Summary of the Invention

Problems to be Solved by the Invention

[0004] Here, in recent years, torque sensors are required to be further miniaturized, and for this reason, the circuit boards of torque sensors are also required to be miniaturized. Since a plurality of terminals for outputting detection signals from the sensor element to the outside are arranged on the circuit board of the torque sensor, when the circuit board is miniaturized, the distance between the terminals arranged on the circuit board becomes closer. However, when the distance between the anode terminal and the cathode terminal arranged on the circuit board becomes closer, a short circuit between the terminals is likely to occur. For example, there is a risk of a short circuit between the terminals due to ion migration.

[0005] When sensor elements are redundantly mounted on a circuit board, a short circuit between some terminals can reduce or eliminate detection signals from some sensor elements corresponding to the shorted terminals, while still allowing detection signals from other sensor elements to be output. However, if the shorted terminal spans between terminals corresponding to two redundantly mounted sensor elements, detection signals from all sensor elements may be reduced or eliminated, potentially making it difficult to output appropriate detection signals.

[0006] This disclosure has been made in view of the above, and aims to provide a circuit board and a torque sensor that can suppress the inability to properly output a detection signal. [Means for solving the problem]

[0007] The circuit board of the present disclosure comprises a plate-shaped substrate member and a pair of circuits arranged on the substrate member, each having a Hall element, an output circuit, and a plurality of terminals, wherein the plurality of terminals of the pair of circuits are arranged in a straight line, and a slit is formed in the substrate member extending from the side surface of the substrate member between the terminals of one of the pair of circuits and the terminals of the other circuit.
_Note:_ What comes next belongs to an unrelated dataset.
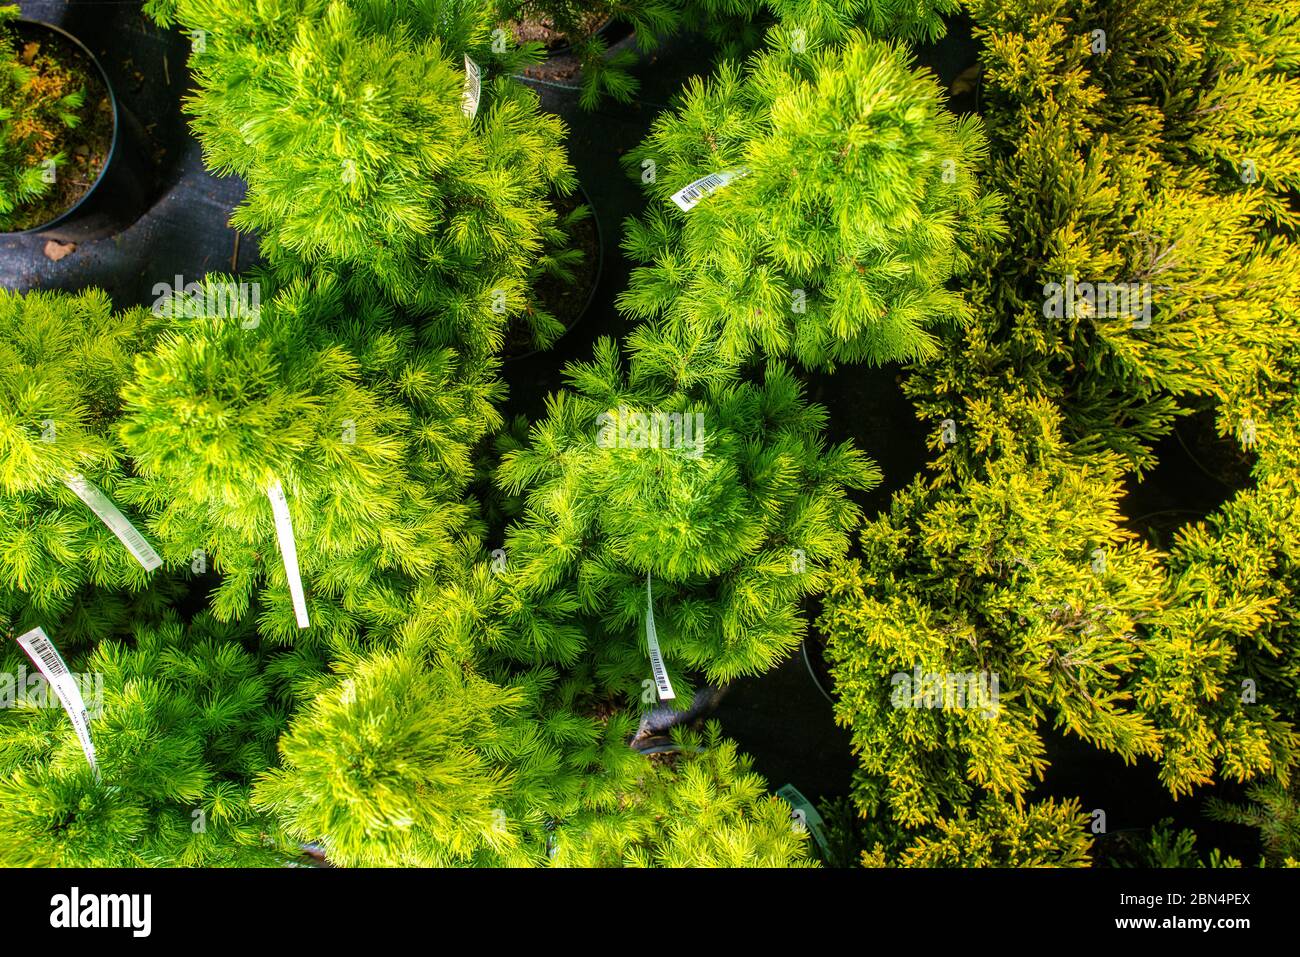 Close Up View From Above Of Variety Of Evergreen Small Trees In Pots At Gardent Center. Stock Photo

[0008] With this configuration, since slits are formed in the substrate material, the terminals of one circuit and the terminals of the other circuit are separated and arranged apart, thereby suppressing short circuits between the two sets of terminals. This prevents a situation where an electrical signal cannot be output from either circuit due to a short circuit between the terminals of one circuit and the terminals of the other circuit. Therefore, the circuit board can maintain a state in which at least one of the pair of circuits arranged on the substrate material can output a detection signal from the Hall element, and can continuously output a detection signal from the Hall element. As a result, it is possible to suppress a situation in which the detection signal cannot be output properly.
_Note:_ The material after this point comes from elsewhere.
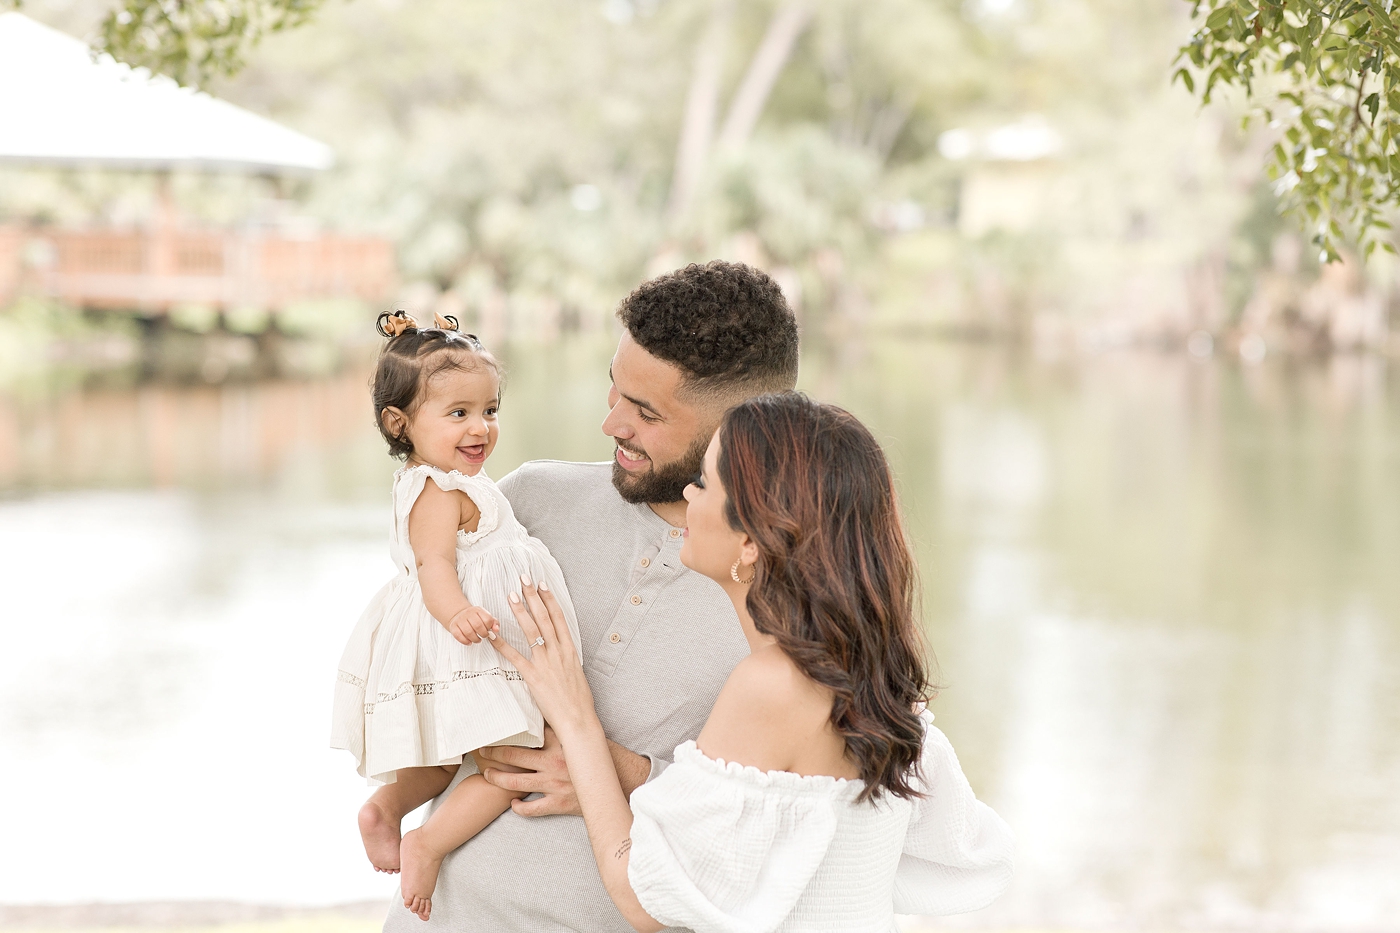 Little girl smiles as mom and dad make her laugh during baby photography miami session. Photo by Ivanna Vidal Photography.

[0009] In a preferred configuration, the plurality of terminals are such that each of the pair of circuits has a voltage application terminal, a ground terminal, and a signal output terminal, and each of the pair of circuits converts the output voltage of the Hall element into a digital electrical signal in the output circuit and outputs it to the signal output terminal, and each of the pair of circuits has its ground terminal grounded to the Hall element and the output circuit, and the ground terminal is located between the signal output terminal and the voltage application terminal, and the slit is located between the voltage application terminal of one of the pair of circuits and the signal output terminal of the other circuit.

[0010] In this configuration, the slit formed in the substrate is positioned between the voltage application terminal of one circuit and the signal output terminal of the other circuit, thereby suppressing short circuits between terminals that are prone to short circuits due to voltage application. Therefore, even if the terminals are arranged in a way that makes short circuits likely due to the voltage application terminal of one circuit and the signal output terminal of the other circuit being adjacent, the slit in the substrate can suppress short circuits between these terminals. As a result, the circuit board can prevent a situation where detection signals from the Hall element cannot be output from both of the pair of circuits arranged on the substrate. Consequently, it is possible to prevent a situation where detection signals cannot be output properly.

[0011] In a desirable configuration, the plurality of terminals of one of the pair of circuits and the plurality of terminals of the other circuit are of different types and are arranged in the same order between the terminals of one circuit and the terminals of the other circuit.

[0012] With this configuration, the terminals of both circuits placed on the circuit board are arranged in the same order, allowing a pair of circuits to be placed on the circuit board with the same layout. This allows the same Hall element and output circuit configuration to be used in both circuits, and the detection signals output from the Hall element and output circuit in both circuits to be as close to the same value as possible. Therefore, even when the detection signal from one circuit is output as the detection signal from the circuit board due to the inability to output a detection signal from one circuit, a detection signal equivalent to that under normal conditions can be output. As a result, the detection signal can be output stably, and the inability to output the detection signal appropriately can be suppressed.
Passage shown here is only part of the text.